Général Desfeuilles

— Pendant la guerre do 1870, il est à la tète d’une brigade d’infanterie (7e corps, commandé par Félix Douay). Le 106e_;_ de ligne, colonel de Vineuil, appartient à cette brigade. Très braillard, le général roule son gros corps sur ses courtes jambes, il a un teint fleuri de bon vivant que son peu de cervelle ne gêne; point [5]. Dans cette campagne, il sera comme tant d’autres chefs plus bêtes que méchants, ne sachant rien, ne prévoyant rien, n’ayant ni plan, ni idées, ni hasards heureux [110]. D’ailleurs, nul souci de la discipline : pour ne pas avoir à sévir, il ferme les yeux devant le pillage d’une ferme [90].

Soucieux de confort, quand le général prévoit une étape dure, il prend la précaution de déjeuner copieusement, en maugréant de la bousculade [27] ; maussade dans les journées de fatigue, faisant alors aux gens un accueil furieux [139], il retrouve sa bonne humeur dès qu’il peut s’installer commodément ; son premier soin, en arrivant à Sedan avec sa brigade exténuée, est de se fourrer entre de fins draps blancs, à l’hôtel de la Croix d’Or [180]. Pendant la marche vers la Meuse, le 24 août, il a parlé librement, en toute insouciance, devant un espion déguisé en valet de ferme, Goliath Steinberg; il l’a interrogé sur les routes à suivre, montrant une grande sérénité d’ignorance, croyant que la Meuse passe à Buzancy [104]. Cinq jours après, il n’accorde aucune foi aux renseignements du franc-tireur Sambuc, qui lui prédit la surprise de Beaumont; impossible à son avis que l’armée ait si près d’elle soixante mille ennemis, car on le saurait [140]. Plus tard, pour désigner la rivière qui traverse Sedan, comme il ignore si c’est la Meuse ou la Moselle, il dira : l’eau qui est là [237].

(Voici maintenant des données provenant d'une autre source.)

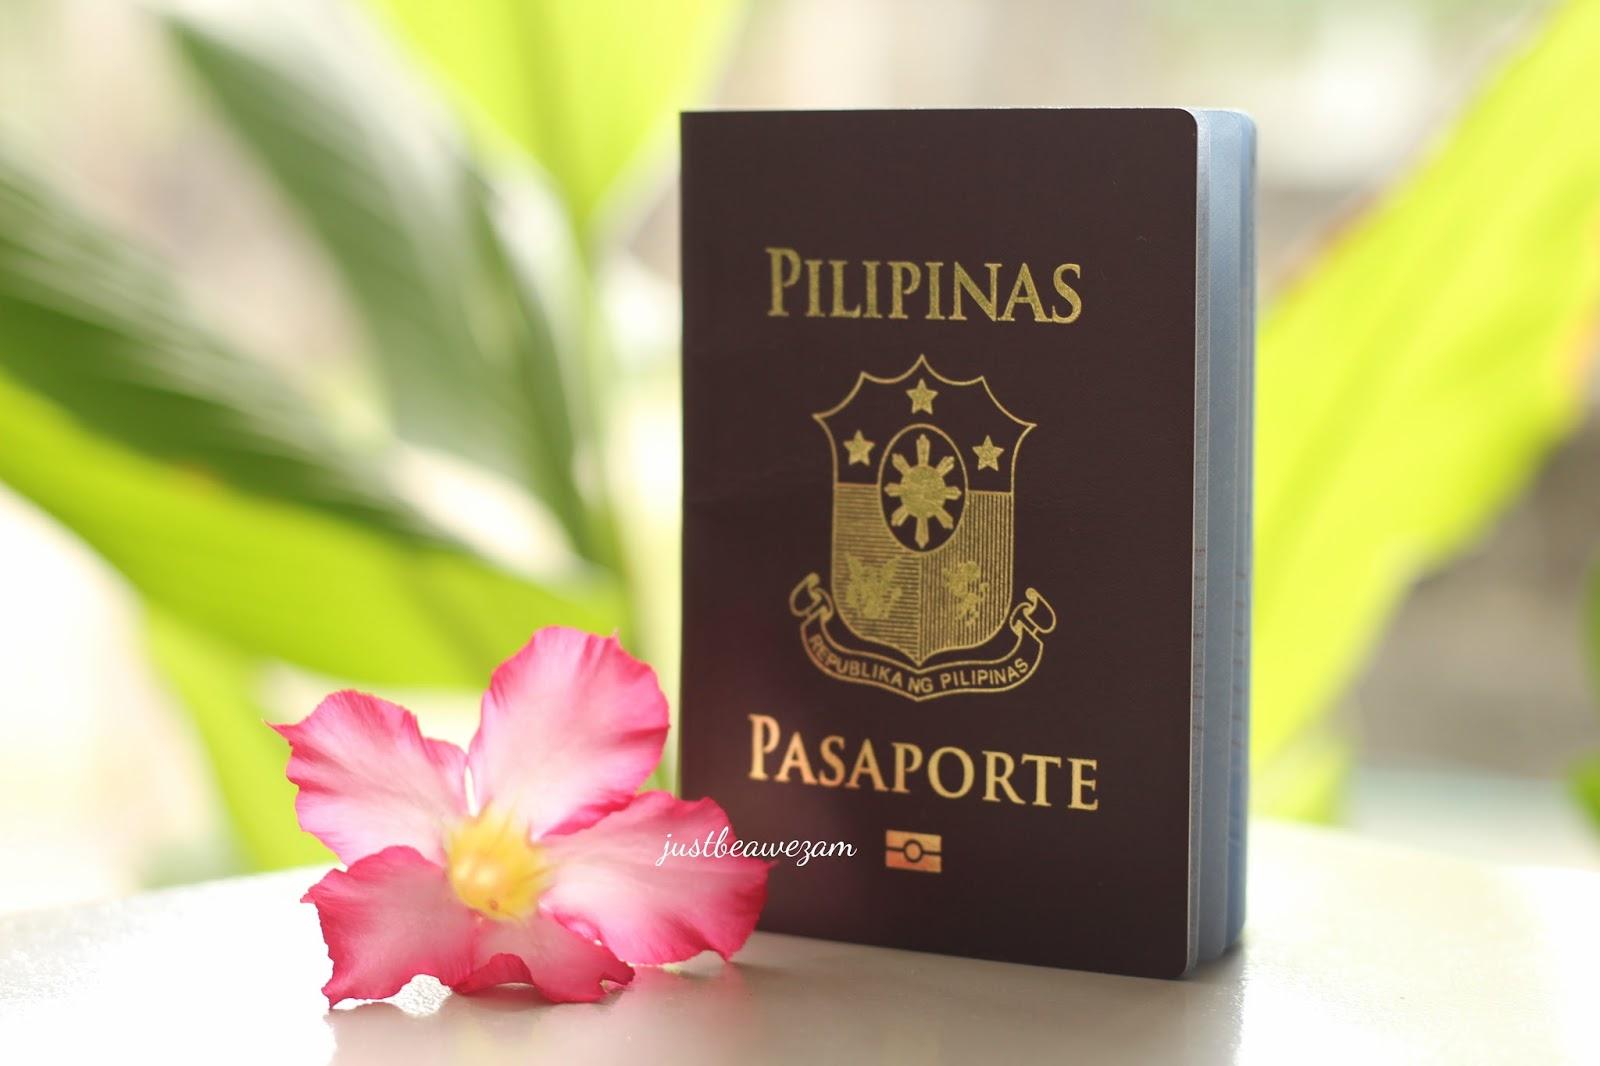 Got my Passport!

Mais tout soldat de cour qu’il soit, uniquement occupé de lui-même et n’ayant vu dans la guerre qu’un moyen rapide de passer général de division [247], il n’en trotte pas moins insouciamment, pendant la bataille, au milieu des projectiles. Entêté dans sa routine d’Afrique, n’ayant profité d’aucune leçon, il attend les Prussiens au corps à corps, alors qu’ils écrasent ses régiments à coups de canon [245]. Puis, pendant la déroute qui refoule l’infanterie dans Sedan, sa grosse figure colorée de bon vivant exprime l’exaspération où le jette le désastre qu’il regarde comme une malchance personnelle ; il court vers les débris de sa brigade, très capable de se faire tuer, dans sa colère contre ces batteries prussiennes qui balayent l’Empire et sa fortune d’officier aimé des Tuileries; par horreur pour la captivité, il voudrait avec cinquante bons bougres percer les lignes ennemies et filer en Belgique. Seulement puisqu’il ignore le chemin et que c’est trop tard, il va se coucher [363]; et après la capitulation, seul de tous les généraux, il prétexte de ses rhumatismes pour profiter de la clause qui fait les officiers libres, à la condition de s’engager par écrit à ne plus servir [433]. (La Débâcle.)